I don’t know how much of it passes, but when the cat looks away, and I look back up – something unfamiliar and simultaneously homely taking birth in my belly – there’s the unmistakable figure of a man sitting on the piano stool. I never heard him walk in – no mellow pad of feet on the carpet, no whoosh of a quiet breath. One moment there’s no one, and the next there he is – drenched in sunlight, his shoulders slumped and fingers ghosting over the piano keys, trembling hesitantly.

Unlike his pet – who has now stalked away and made its home in the crook of its owner’s ankles – he doesn’t seem to notice me. I watch him watch his wavering hands. I watch the ethereal sun rays twist and fold around him, watch them defy the laws of physics to touch all of him at once – to graze his cocoa hair, his fluttering eyelashes, his aureate skin. He takes a deep, rooting breath, and suddenly, music takes over the room, swallowing all the air like it’s an ocean wave.

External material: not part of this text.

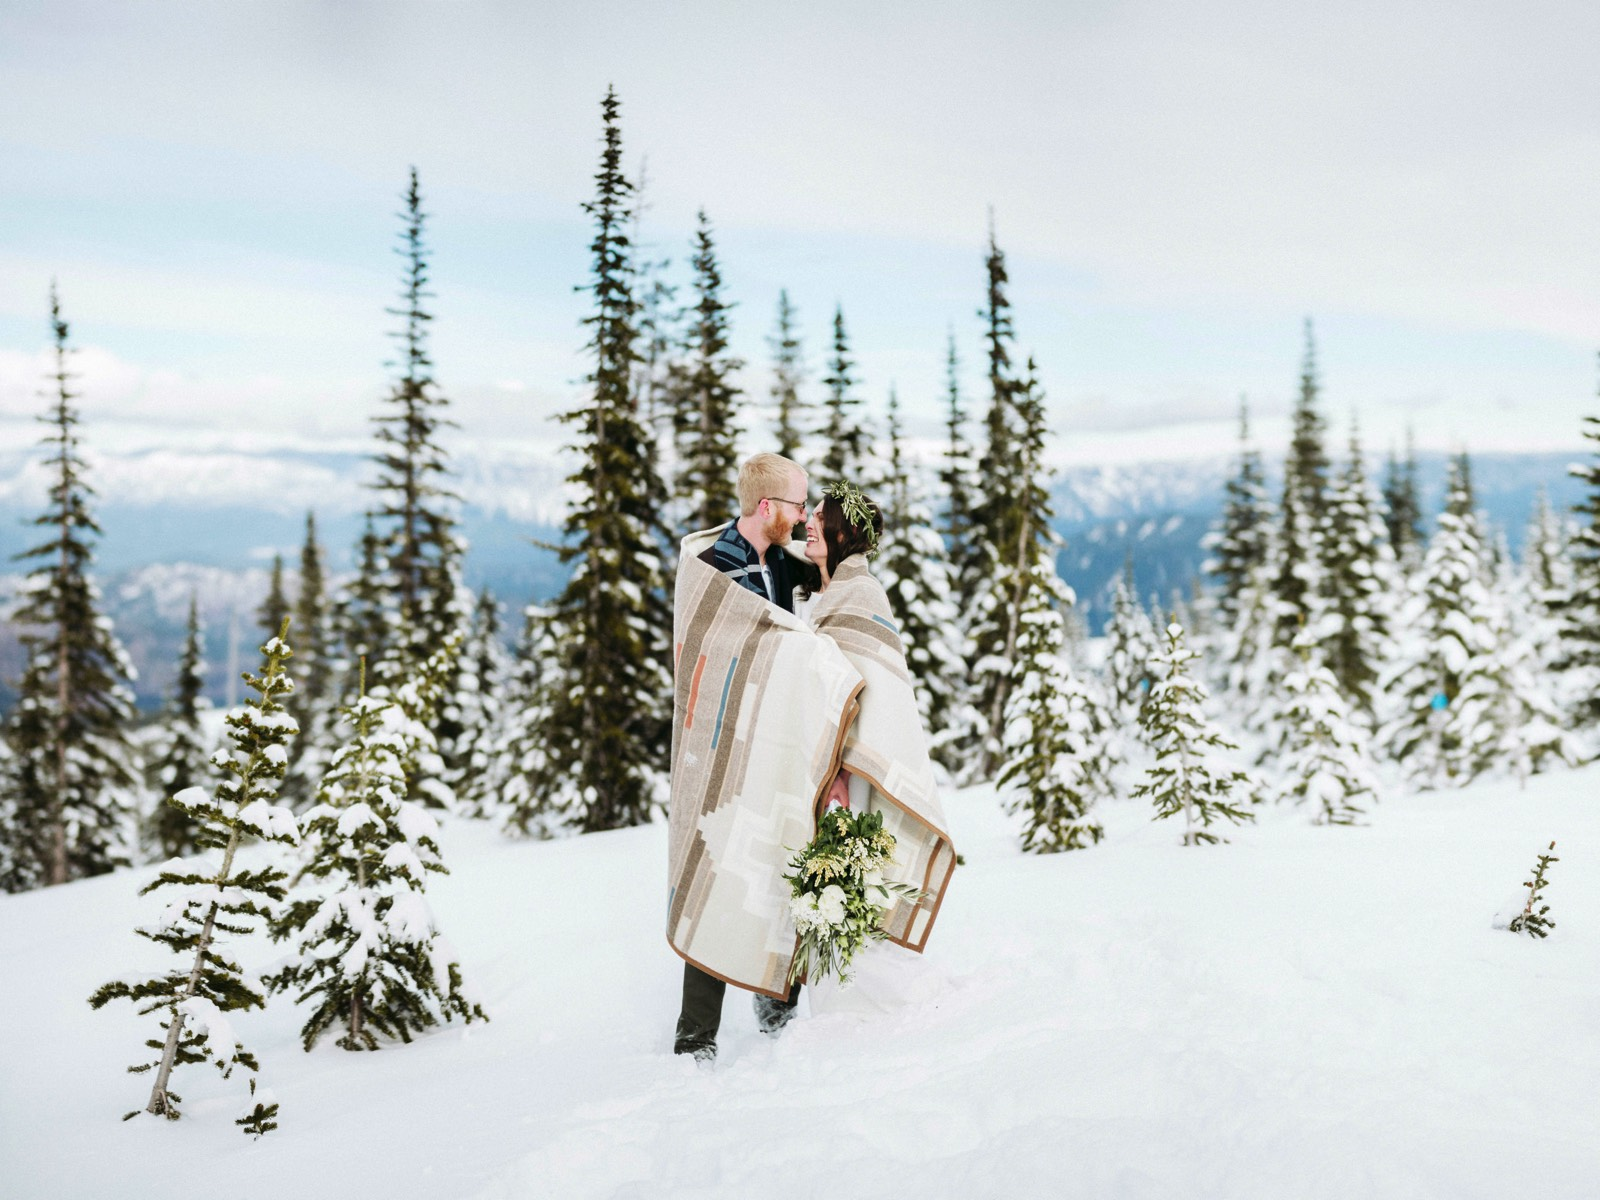 alpine-lakes-high-camp-winter-wedding-60 ALPINE LAKES HIGH CAMP WEDDING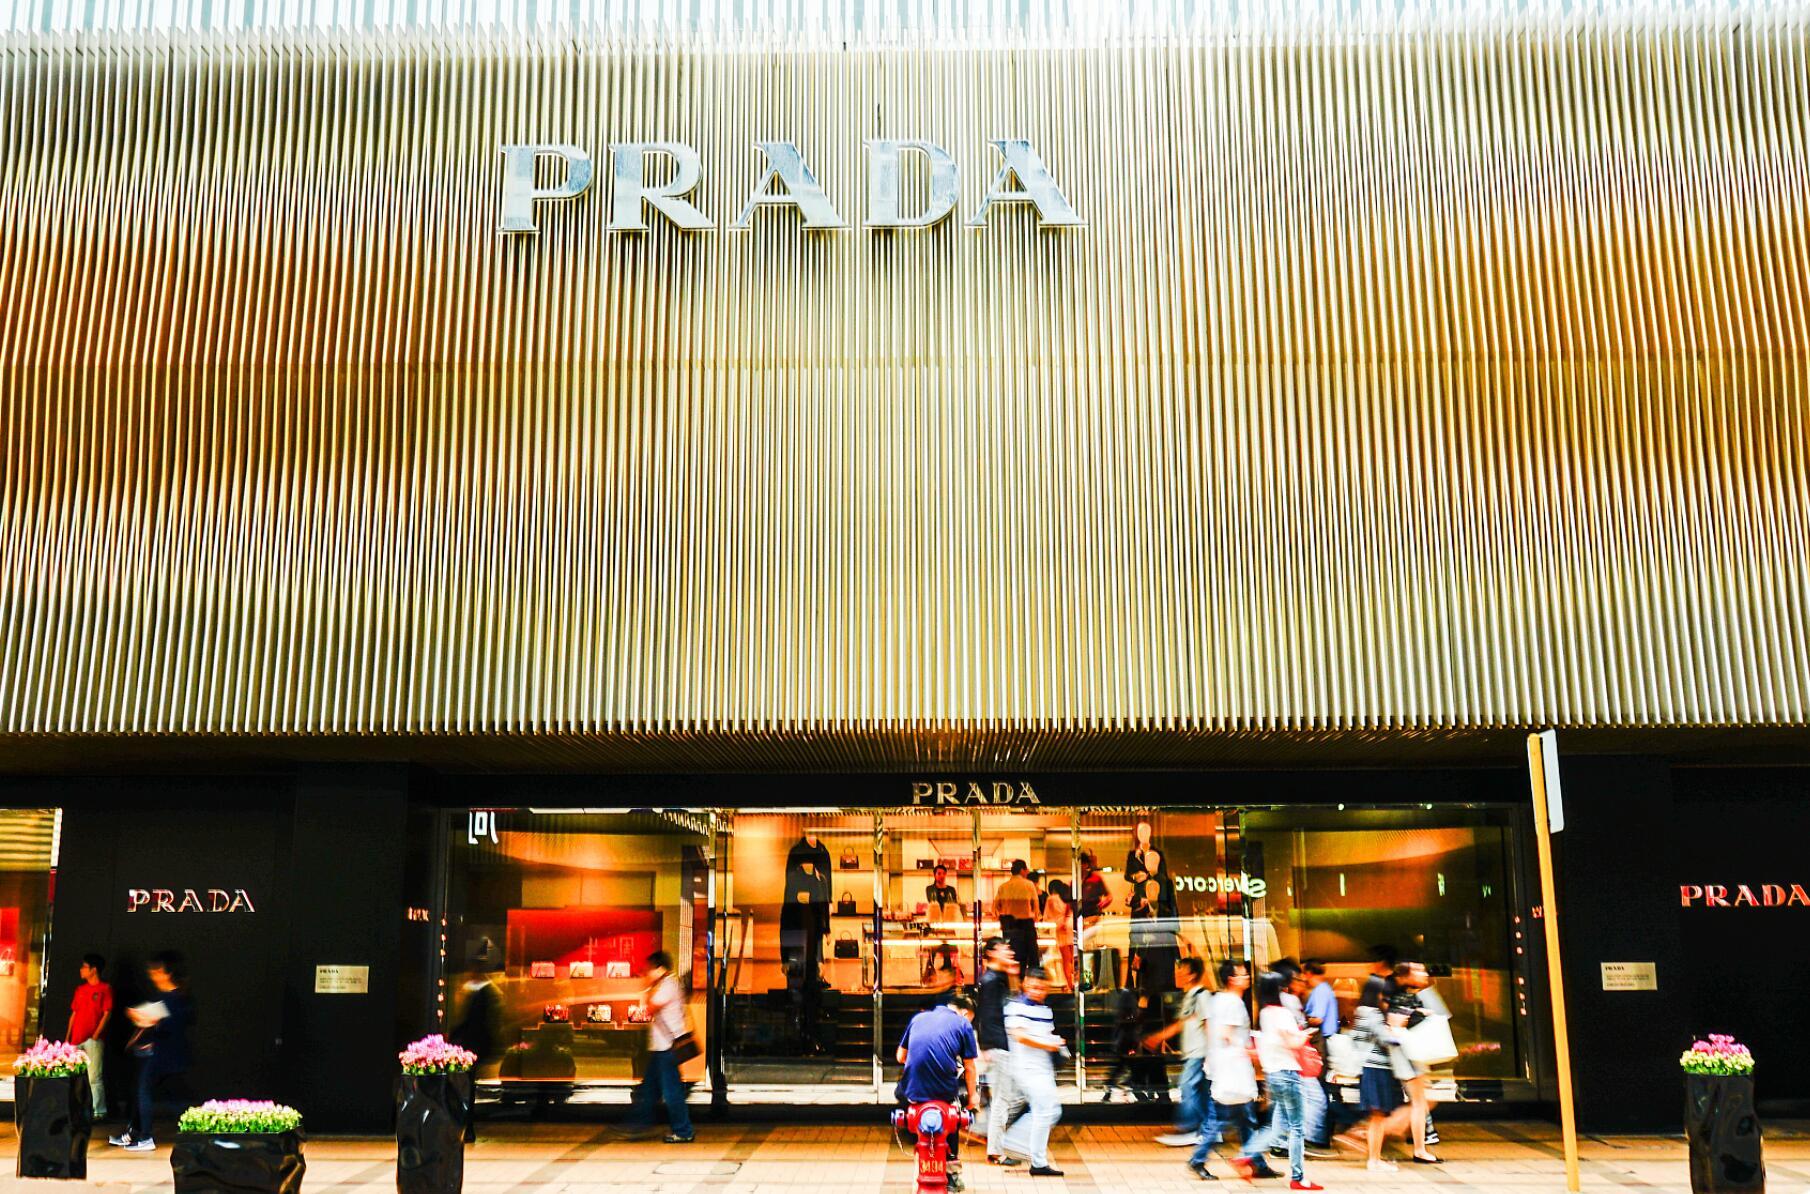 Prada 最大一家香港门店明年租约到期或将闭店,月租金高达900万港币

I call it music, but, oh, it’s so much more. It's melancholy woven with melody, spilling from the man’s deft fingers onto the piano and from the air into my lungs. I feel it intertwine with my hair, slink into my veins, and wrap around me like a blanket that shouldn’t feel so comfortable.

I wonder if I’m growing wings.

I wonder if this man is an angel, and his cat is smoke, and his piano is alive and breathing.

I wonder if this place tore a gash in the fabric of the universe.

The song swells and swells, reaching a crescendo, filling me up with emotion that feels almost tangible – like if I reach my hand out, it will brush against the syrupy sadness in the room.

And just as soon as it came, the music is gone. My body suddenly feels empty, devoid of life, and my soul feels as if it’s been grounded after a soaring flight.

I can’t tell if it’s agonizing or relieving.

When I open my quivering eyes (when did I shut them?), I see, through their newborn blurry haze, that the man is gone, and so is his cat. The piano sits silently again, the magic sucked from the walls of the room, the light back to scientific normal.

I wonder if I’ll ever see them again. But I guess that is what Sunday mornings are all about.